Ronald Isley’s cool factor doesn’t have an expiration date. At 70 years-young, his immaculate voice conjures memories for those who came of age during the soul era and his sleek Mr. Biggs persona has allowed him to continue creating baby making music for the hip-hop generation.
Solidified through theatrical-like collaborations with R. Kelly, Isley also remains connected with the youth through hip-hop and R&B producers who have made him one of the most sampled artists of all time. But years before any hip-hop enthusiast took notice, Isley, along with brothers O’Kelly, Rudolph, Marvin and Ernie, assembled an illustrious career that earned him a place in the prestigious Rock and Roll Hall of Fame.
Since breaking into the music industry in 1959 with the single “Twist and Shout,” Isley has released a hit record in every decade. However, Isley also endured several major setbacks over the years that caused him to re-evaluate his personal and professional life.
In 2006, Isley was sentenced to 37 months in prison for tax evasion and he was released one month before his younger brother, Marvin, died due to complications from diabetes. Shortly after his brother’s death, Isley returned to music with the release of his solo album, Mr. I. But due to changes at his record label, Island Def Jam, and creative differences with label head L.A. Reid, the album failed to generate a significant buzz with fans.
So Isley decided to return to the basics of making great love songs. He has reconnected with his brother, Ernie, for a new album that will likely feature R. Kelly, Kanye West and Tricky Stewart. Isley’s timeless efforts make him an anomaly in the ever-changing music industry that breeds on the vitality of youth. Artists of this generation would be wise to study how Isley evolved musically without allowing personal demons to fester and destroy his career.
Isley reveals the secret to longevity in the music industry, adapting to change, and the genius of Mr. Biggs. Take notes. Class is in session.
You will be performing at Chastain Park in Atlanta along with El DeBarge on Saturday, Sept. 3. What can fans expect from the show?
I try to do it all. I’ve had so many successful albums that sometimes it’s easy to leave some things out. But I will try to do songs from back in the day, and the new songs that are out right now.
There aren’t many artists who have a catalog that is as extensive as yours.
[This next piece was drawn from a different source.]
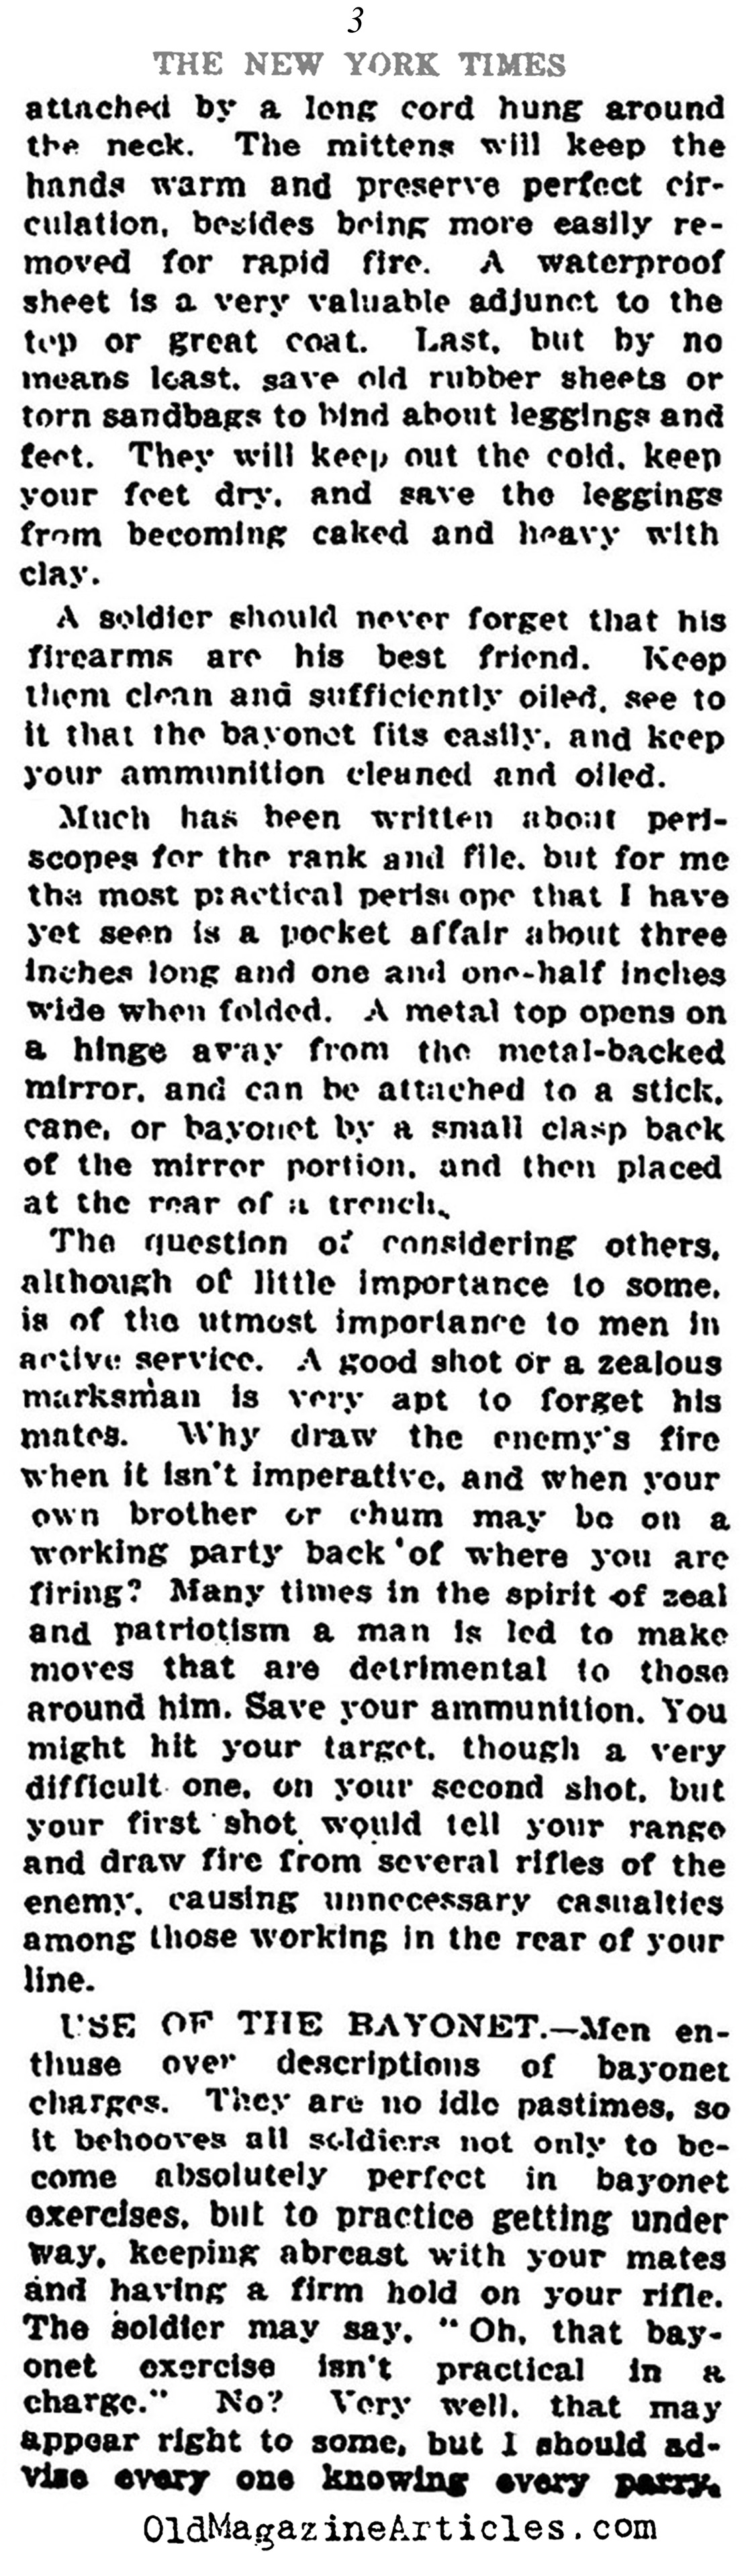 Trench Warfare Tips from a Veteran (NY Times, 1916)

Considering the artists who are out today, which ones do you believe could achieve longevity?
Some of the musicians are still growing. Artists like Maxwell, Alicia Keys, Chris Brown, and Trey Songz. A lot of them are still finding their place. They are all friends of ours, but it will take time to prove if they can have longevity. You have to do whatever it takes. It’s a certain point you have to prove to make the people say, “wow.” That gives you energy to prove yourself.
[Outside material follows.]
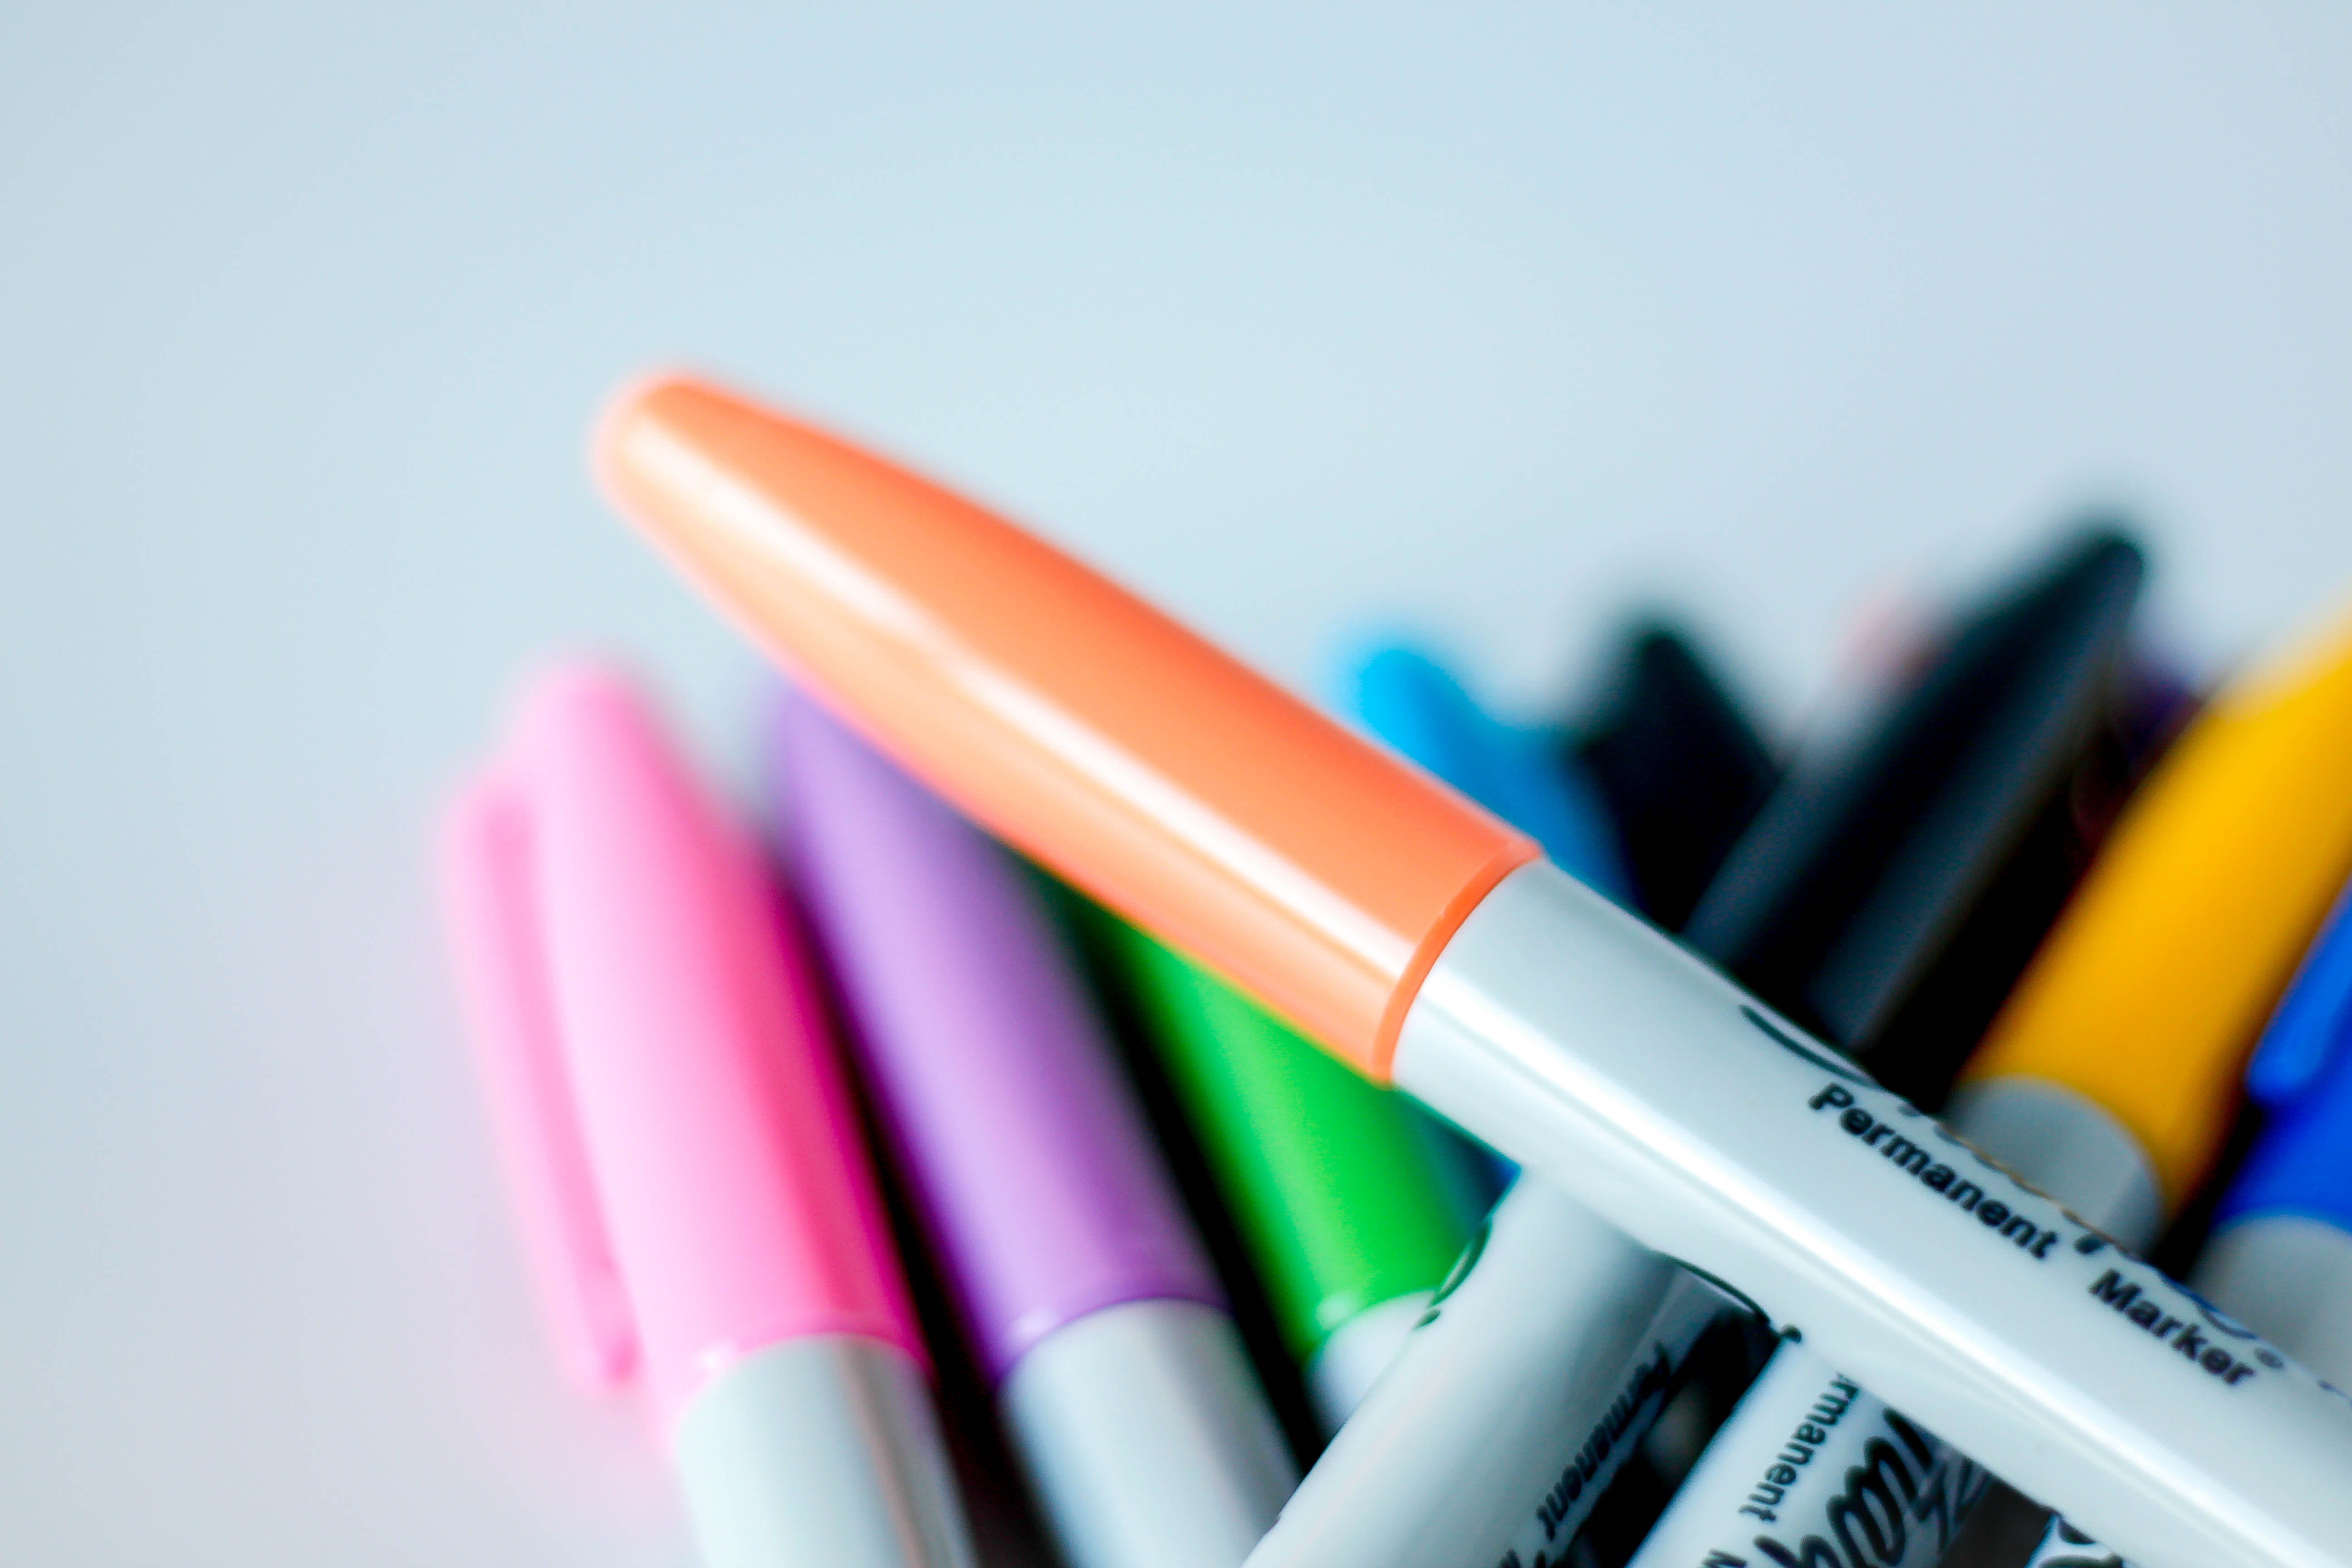 Filling pen. Карандаши лекарственная форма. 3 Цветных ручки. Color point карандаш.

There are artists who dream of being in the music industry. For the artists who are just starting out, what should they expect?
When you’re young, you never know what’s ahead of you. You can sometimes miss out on important things if you don’t pay attention to what’s going on around you. But it’s going to take a little bit of time to see how those new artists are able to adapt to the changes that will occur in their personal and professional lives.
When it comes to hip-hop, a lot of the producers have sampled your voice and music. How do you feel about being one of the most sampled artists in hip-hop history?
Being one of the most sampled artists in hip-hop is a compliment. It feels great that they have noticed the music that we have done after all these years. And that their audience has gravitated towards our music. All of that feels good.
Your work with R. Kelly also allowed a new generation of music lovers to become familiar with your music. Why were you guys able to connect musically?
Mr. Biggs was the first of its kind in music. It was like we were doing a stage play with the songs “Down Low,” and “Contagious.” It was very successful. It’s hard to duplicate that kind of music with any other artist. But it’s something that R. Kelly and I can duplicate at any moment. We’re in the studio now working on my next album.
R. Kelly joined you on stage when you received a tribute and the Legend Award at the Soul Train Awards. How did it feel to be honored?
Sometimes you don’t know what your going to do during those moments. It was such a long night. You see so many great artists at one time. I didn’t know what I would do or say. Those nights, you never know what will happen. But it turned out well.
I’m sure you are always thinking of ways to make a new hit song or album. But do you ever sit back and reflect on the great things that you have accomplished?
I think about it all the time. We know that our gifts are all from God. Before we became famous, we prayed for all of the success that we have had. It’s been a prayer that has been answered for us. This has all been a tremendous feeling.